Our goal was to use a proteomic mining strategy to uncover differences in BAL fluid from SEA treated mice versus vehicle alone controls. The PF 2D proteomic platform allows two-dimensional liquid fractionation of biological fluid based on isoelectric focusing and hydrophobicity. We used this strategy to detect changes during colon cancer chemoprevention [12], and others have used it for biomarker discovery [13], [14]. Recently, this method uncovered a pathway involved in cytokine based inflammation [15]. Therefore, we set out to find distinct changes in the BAL fluid proteome of SEA treated mice compared to vehicle alone, and found an unexpected increase in microsomal cytochrome b5 and cytokeratin 17. These data were validated and coincided with rapid changes in lung pathology that included increased lung inflammation. Thus, our mouse model data show that cytochrome b5 and cytokeratin 17 are detected in BAL fluid very early after lung damage, and thus may be potential biomarkers of pulmonary injury in patients with ALI or other life-threatening diseases.

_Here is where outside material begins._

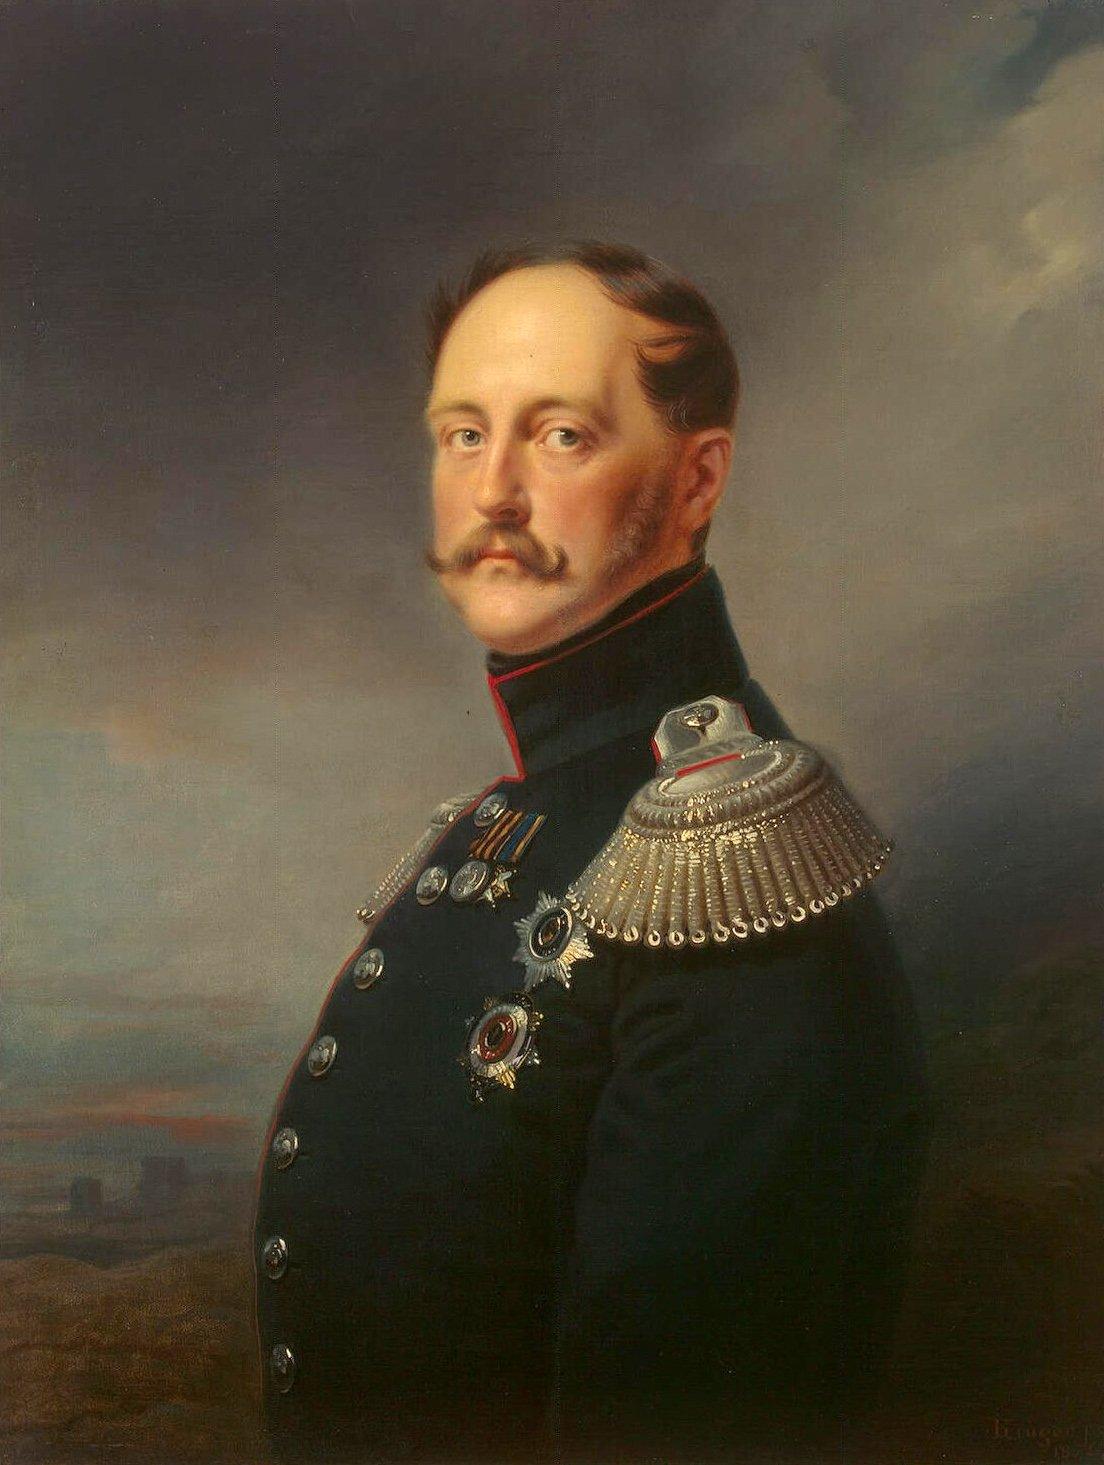 Franz_Krüger__Portrait_of_Emperor_Nicholas_I__WGA12289.jpg

Inhalation of SEA Induces Lung Inflammation and Damage

We used an in vivo mouse model of ALI to uncover molecular biomarkers of lung inflammation. After inhalation of SEA, mice were monitored for signs of acute inflammation. In the current study we first examined lung pathology 2 days post SEA challenge, a time point where T cell effectors start to accumulate [11]. Lung sections stained by hematoxylin and eosin (H&E) showed leakage of red blood cells from blood vessels into the alveoli (Fig. 1A, black arrows in upper right panel), abundant leukocyte infiltration in the peri-vascular tissue, and increased cellularity in the interstitium and alveolar space as we observed previously [11]. Proteinous exudate was visible after SEA (Fig. 1A, white arrows in upper right panel). In contrast, lungs from vehicle-treated mice showed no signs of injury (Fig. 1A lower panels). To visualize the possibility of increased infiltrating leukocytes we performed the same inhalation study with or without lung perfusion. We found that perfusing the lung allowed for visualization of adherent leukocytes in the lumen of blood vessels after SEA treatment in the lung sections (Fig. 1B). In the absence of inflammation (vehicle) leukocyte adhesion was not evident. Secondly, electron microscopy (EM) was used to demonstrate the binding of leukocytes to the vascular lung endothelium. EM showed increased leukocyte adherence to blood vessel endothelium in the lung airways after SEA inhalation whereas vehicle alone injected mice showed no sign of leukocyte infiltration or adhesion to the endothelium (Fig. 1C). Moreover, leukocytes appeared to be transmigrating from the vasculature into lung tissue (Fig. 1C, left panel: L*). Altogether, these pathologic changes are consistent with rapid inflammation and immune-mediated lung damage.

Figure 1. Intranasal SEA challenge induces lung injury and leukocyte infiltrate.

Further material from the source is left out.